John Anderson

Personal information
- Native name: Seán Mac Aindriú (Irish)
- Born: 14 October 1977 (age 48) Blackpool, Cork, Ireland
- Occupation: Primary school teacher
- Height: 6 ft 0 in (183 cm)

Sport
- Sport: Hurling
- Position: Right wing-forward

Club*
- Years: Club / Apps (scores)
- 1996-2012: Glen Rovers / 41 (1-99)

Club titles
- Cork titles: 0

Inter-county**
- Years: County / Apps (scores)
- 2003-2004: Cork / 2 (0-03)

Inter-county titles
- Munster titles: 1
- All-Irelands: 1
- NHL: 0
- All Stars: 0
- * club appearances and scores correct as of 22:56, 3 April 2019. **Inter County team apps and scores correct as of 22:00, 3 April 2019.

= John Anderson (hurler) =

Irish hurler

John Anderson (born 14 October 1977) is an Irish retired hurler who played for Cork Senior Championship club Glen Rovers.

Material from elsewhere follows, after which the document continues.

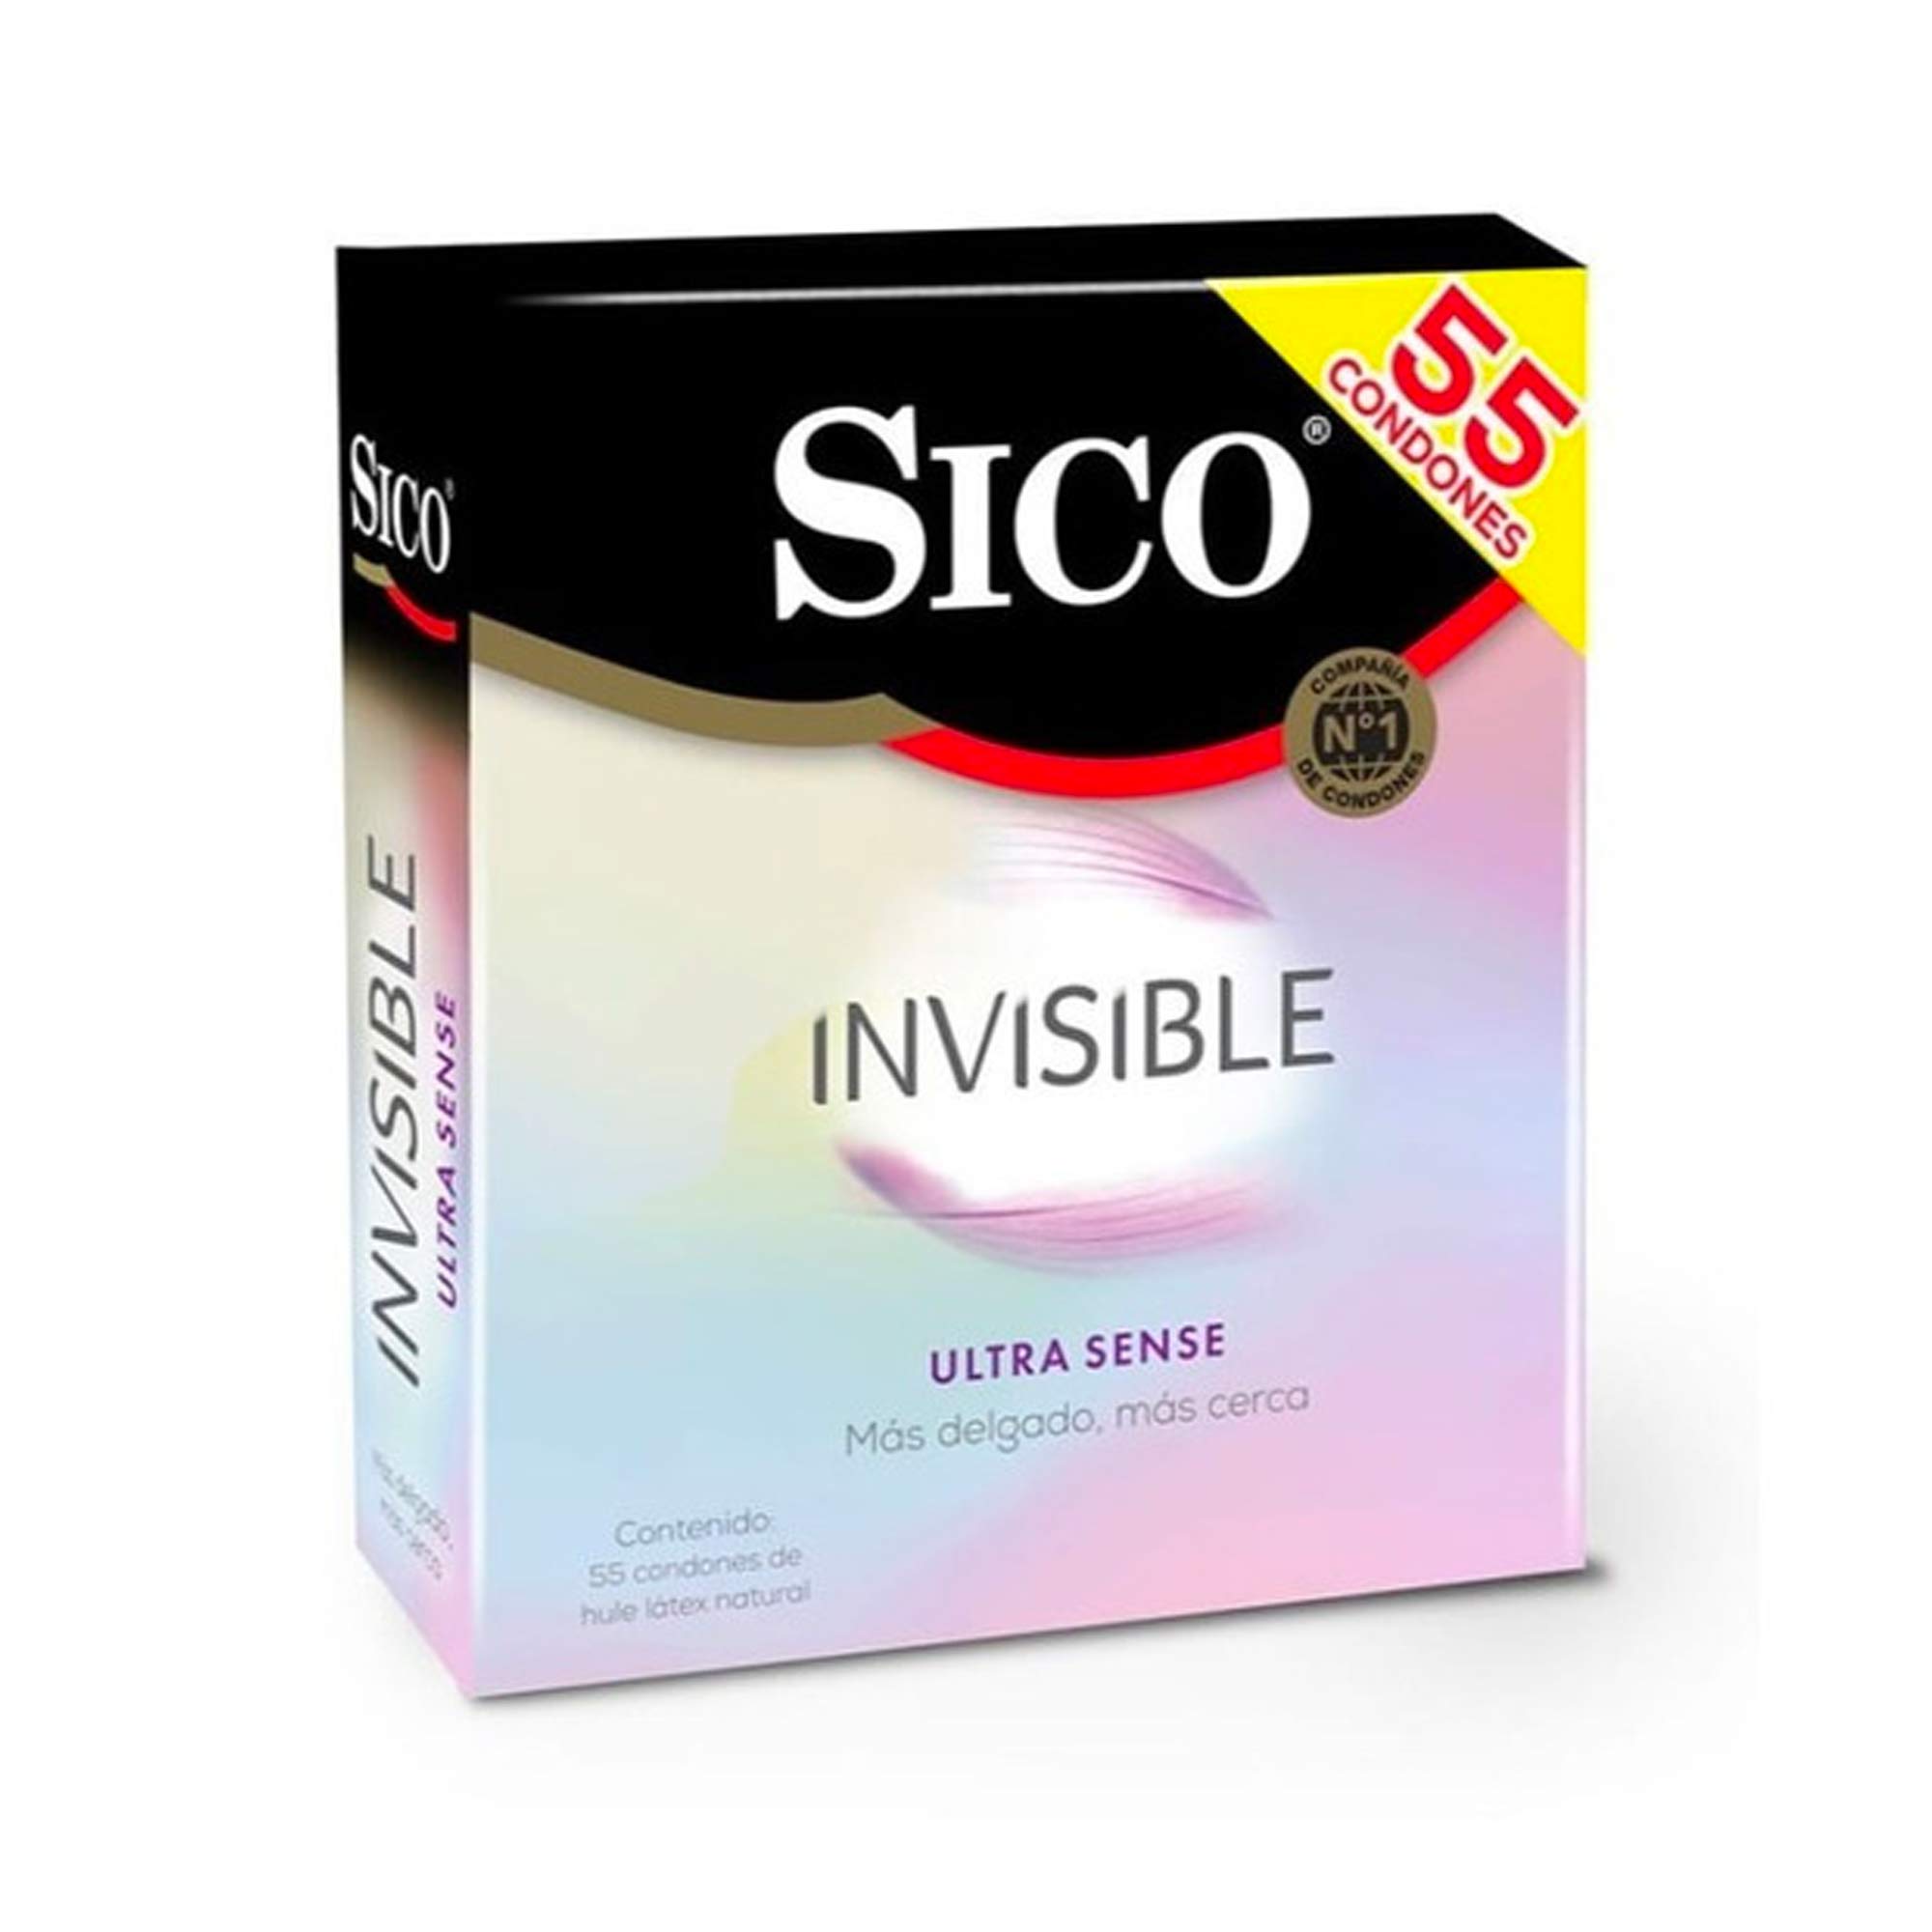 Sico condones invisible (55 piezas)

He played for the Cork senior hurling team for two seasons, during which time he usually lined out as a right wing-forward.

Anderson began his hurling career at club level with Glen Rovers. He broke onto the club's senior team as an 18-year-old in 1996, having earlier enjoyed success in the Cork Under-21 Championship. Anderson made 41 championship appearances at senior level for the club before retiring from the game in 2012.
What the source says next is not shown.